7 18 2022 Tech Team Report - QualitativeDataRepository/TechnicalTeam GitHub Wiki

7-18-2022

Logged Tasks

                            Date             Task Hours (Main) Hours (EOLS) Hours (PII) Hours (QDAS)
11-Jul-2022 Report, meeting, investigate Zip previewer re: access pattern/performance 1 2
12-Jul-2022 Continue comparing internal vs javascript internal zip access, start debugging seek issue 3
13-Jul-2022 Coord/fix v5.11-related Drupal outage on prod, and title issue, deploy update to dev/stage as well, investigate low download counts w.r.t. db vacuum/analyze, start refactor/test qdas seekable channel, debug/propose fixes for missing checksum value (#8841), update metatags module 4 1
14-Jul-2022 PR #8844 to fix missing checksum, debug zip file error 2 4
15-Jul-2022 Find apache bug 2

Operations

  • Fixed delayed upgrade issue on prod (see Drupal item 2)
  • Investigated download counts ~2500 low - recommend vacuum/analyze for guestbookresponse table

Drupal

  • Updated metatags module
  • Updated to reflect changes in OAI_ORE export field names

Dataverse

  • Investigate/report(#8841)/fix issue with checksums missing in file display - created PR#8844

##QDAS

  • Started comparison of javascript and Java/Apache Commons Compress retrieval from within zip files
  • Ran into intermittent problem in getting files via QDAS previewer - discovered simple bug in Apache class - tested, reporting it today

Discussion

  • The fast estimate for total downloads added in a recent Dataverse release (for when direct count of table rows gets too slow) depends on accurate table statistics.
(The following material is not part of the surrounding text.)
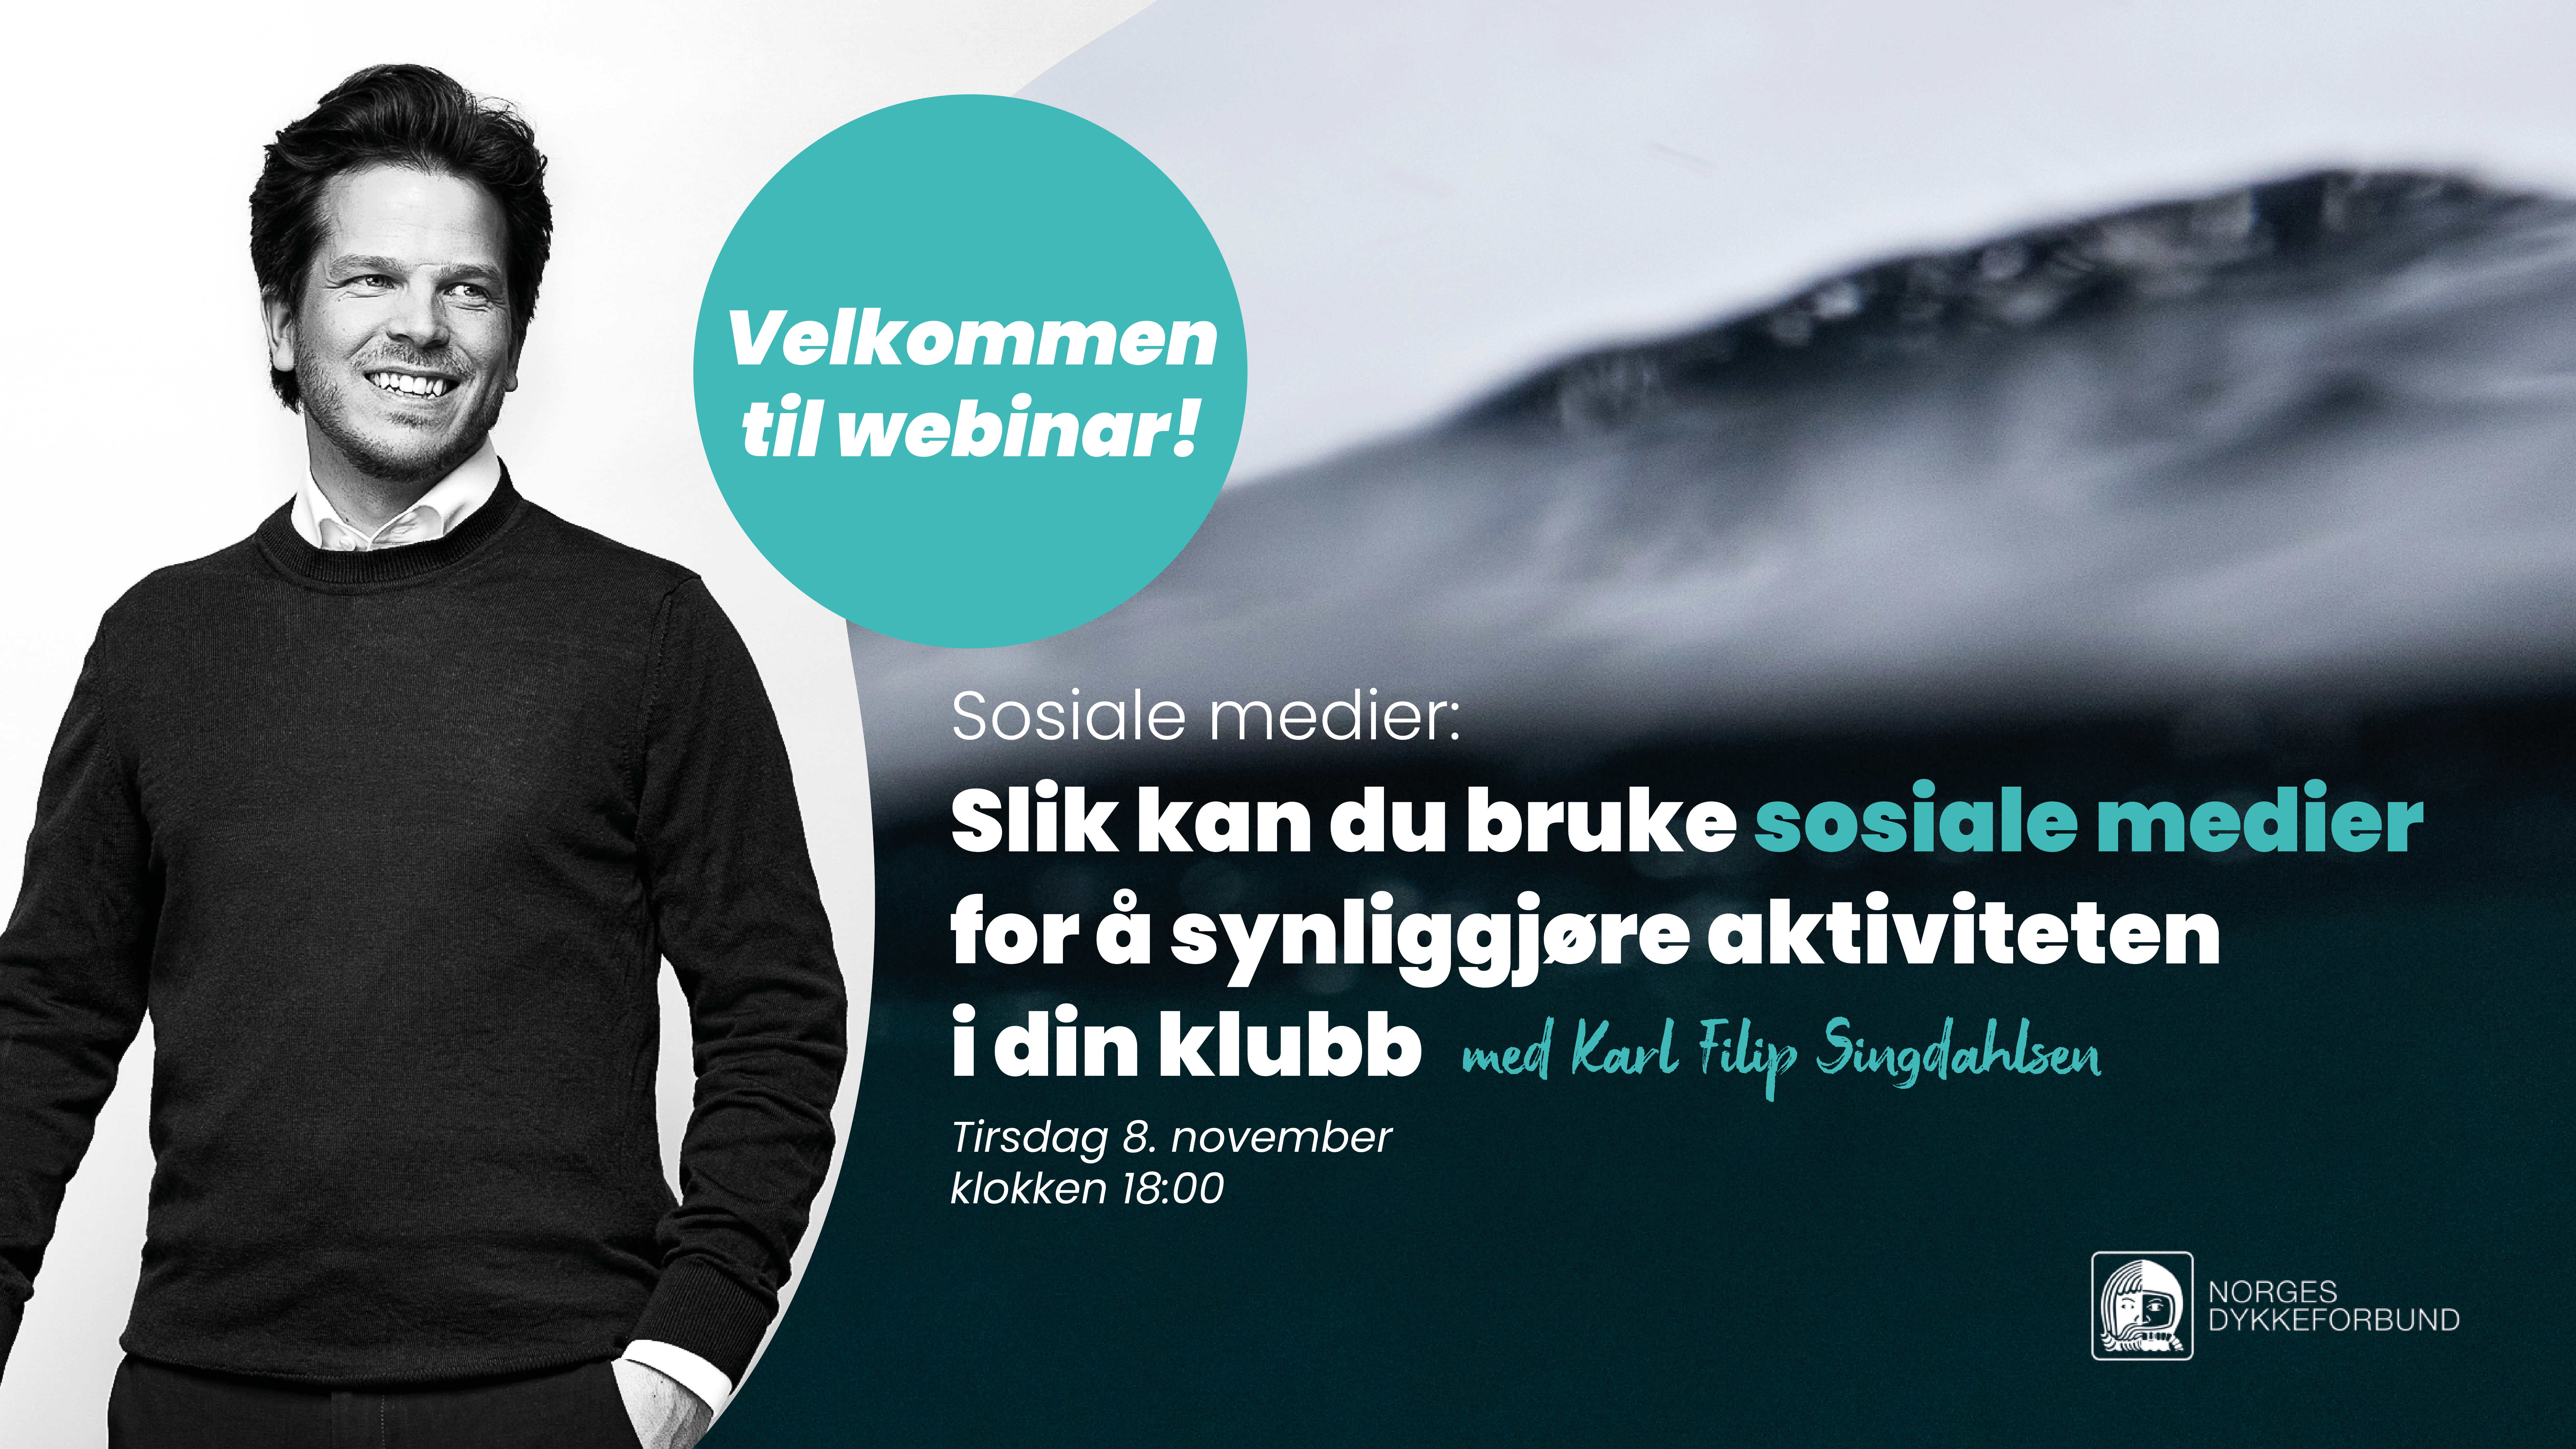 Karl Filip Singdahlsen holder webinar om sosiale medier for klubber og medlemmer av NDF, tirsdag 8. november klokken 18:00.

A community report indicated an undercount of 1-2% with 150K downloads. I checked our table and found ~3.5% undercount (~2500/69K). Testing on dev/stage (which had much smaller undercounts) suggests that doing a manual analyze (or vacuum/analyze) on the guestbookresponse table makes the estimate much more accurate. Discussion with IQSS made me realize that the table is handled by auto-vacuum, but since it is mostly write once, that essentially never triggers. I'd suggest at least a manual vacuum/analyze, but want to make sure there's no issue with that. Assuming this works as expected we may want to monitor/periodically vacuum/analyze.

Plans

  • AnnoRep - continue to explore/fix docx/pdf github issues
    • Deploy updates to dev/stage/prod
  • Drupal
    • Make homepage resilient vs. Dataverse failures
  • Dataverse
    • Popup info accessibility - IQSS likes the recommendations from the source I linked to, so this can be implemented along those lines.
    • QDAS planning/design/prototyping
      • Explore switch to Javascript retrieval of files within zip.
    • Still want to investigate the guestbook responses re version info not being included.
  • TBD: FRDR Security
  • Other tasks as discussed in strategic planning